Dinosauratemydaffodils · 25/01/2021 16:48

It wasn't my choice (postpartum psychosis after dc1) but so far it's working for us. However as other posters have said...I have a "running away fund", can spend whatever I want of dh's salary and have a civil service pension plus a private one of my own. I'm also due to graduate with another degree this year having studied throughout the time I've been at home. I do quite a bit of voluntary work with transferable skills to the area I want to return to work in.

Dh respects and appreciates me though. He's also happy with me being at home and admitted once I recovered from the psychosis that he preferred me being a sahm.

Heysiripissoff · 25/01/2021 16:50

I do love my children though. And I wouldn't change being with them everyday for a second.

But I have given up almost half my life to look after a house and other people.

LadyGrey4 · 25/01/2021 16:53

So far so good here.. I love being a SAHM and being here for my 3 kids. But I'm also doing a Masters and managing my income property so I'm not totally checked out from work. I'll probably go back to work part time when my youngest is 5 or 6. I never ever want to do a corporate 9-5 in an office again though. Life is too short to waste it sitting in a dark conference room... I want flexibility and need to be available for my kids and my husband will probably be back to traveling by then.

Daisypaisy2 · 25/01/2021 16:53

@Waxonwaxoff0 it’s interesting I think babies bring a huge amount of pressure generally.

@Heysiripissoff the bloody cheek of your EX husband!

It’s interesting that another poster mentioned that her needs are at the bottom of the pile.. that to me is unacceptable though and it’s not what motherhood is about. Even as a mother we had a life before that and it’s so easy to get caught up in mum life. I think that’s unhealthy from the start when your own needs come last.

orchidsonabudget · 25/01/2021 16:57

I think it's also interesting that often women are in "crap jobs with no prospects"
Fewer men in this position

Autumn101 · 25/01/2021 16:58

Been a SAHM for 13 years and about to go back to work - I never thought or planned to be at home so long but changed my mind after DS1 was born!

I have loved it and extremely glad I’ve been able to do it. DH was always fully supportive of me staying at home, very respectful, all finances shared etc.

Therarestone · 25/01/2021 17:00

Yes. Loved it and it was a blessing in lockdown 1 when I didn't have to worry about balancing kids and work. I could see my kids through their first few years at school, be there at drop off and pick up every day.

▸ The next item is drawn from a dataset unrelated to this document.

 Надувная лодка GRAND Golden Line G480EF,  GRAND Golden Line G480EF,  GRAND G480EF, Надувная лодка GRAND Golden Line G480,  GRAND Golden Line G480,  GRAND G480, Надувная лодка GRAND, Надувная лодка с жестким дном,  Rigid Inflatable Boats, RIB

Then the right job came along that fit in with the family and now that's what I do part time.

Husband has always been supportive no divorce here (yet. Ask me again after this lockdown)

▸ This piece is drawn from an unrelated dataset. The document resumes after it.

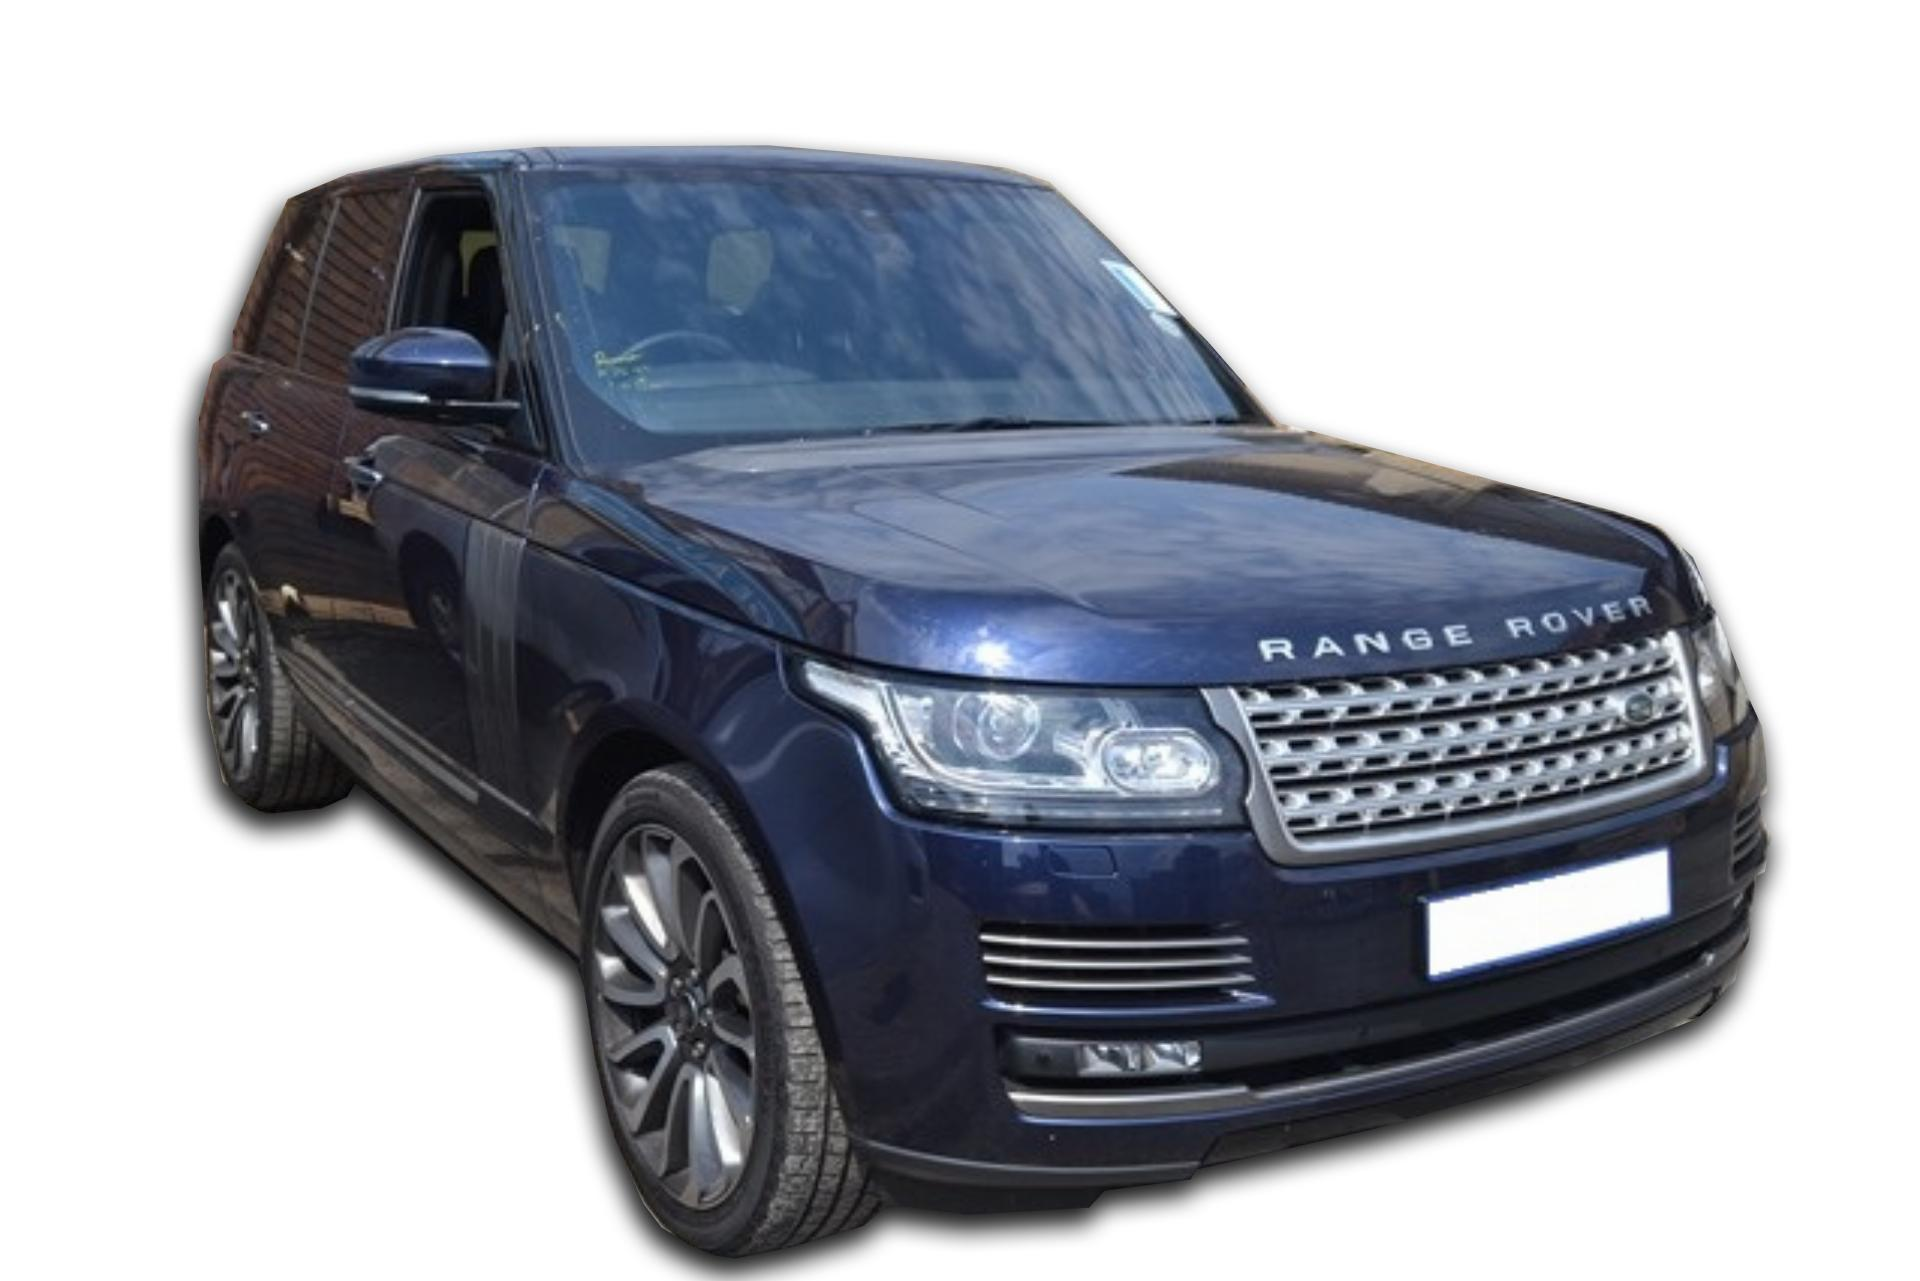 Land Rover Range Rover 5.0

Pyewhacket · 25/01/2021 17:02

Hated it. My brain was starting to atrify so hired a nanny and went back to work. I didn't do all those hard years of training and all that study, exams and qualifications to sit at home looking after a small infant that slept most the time. It would have been like going shopping in a Ferrari. But each to their own. If that's what you want to do then happiness all round. Just not for me.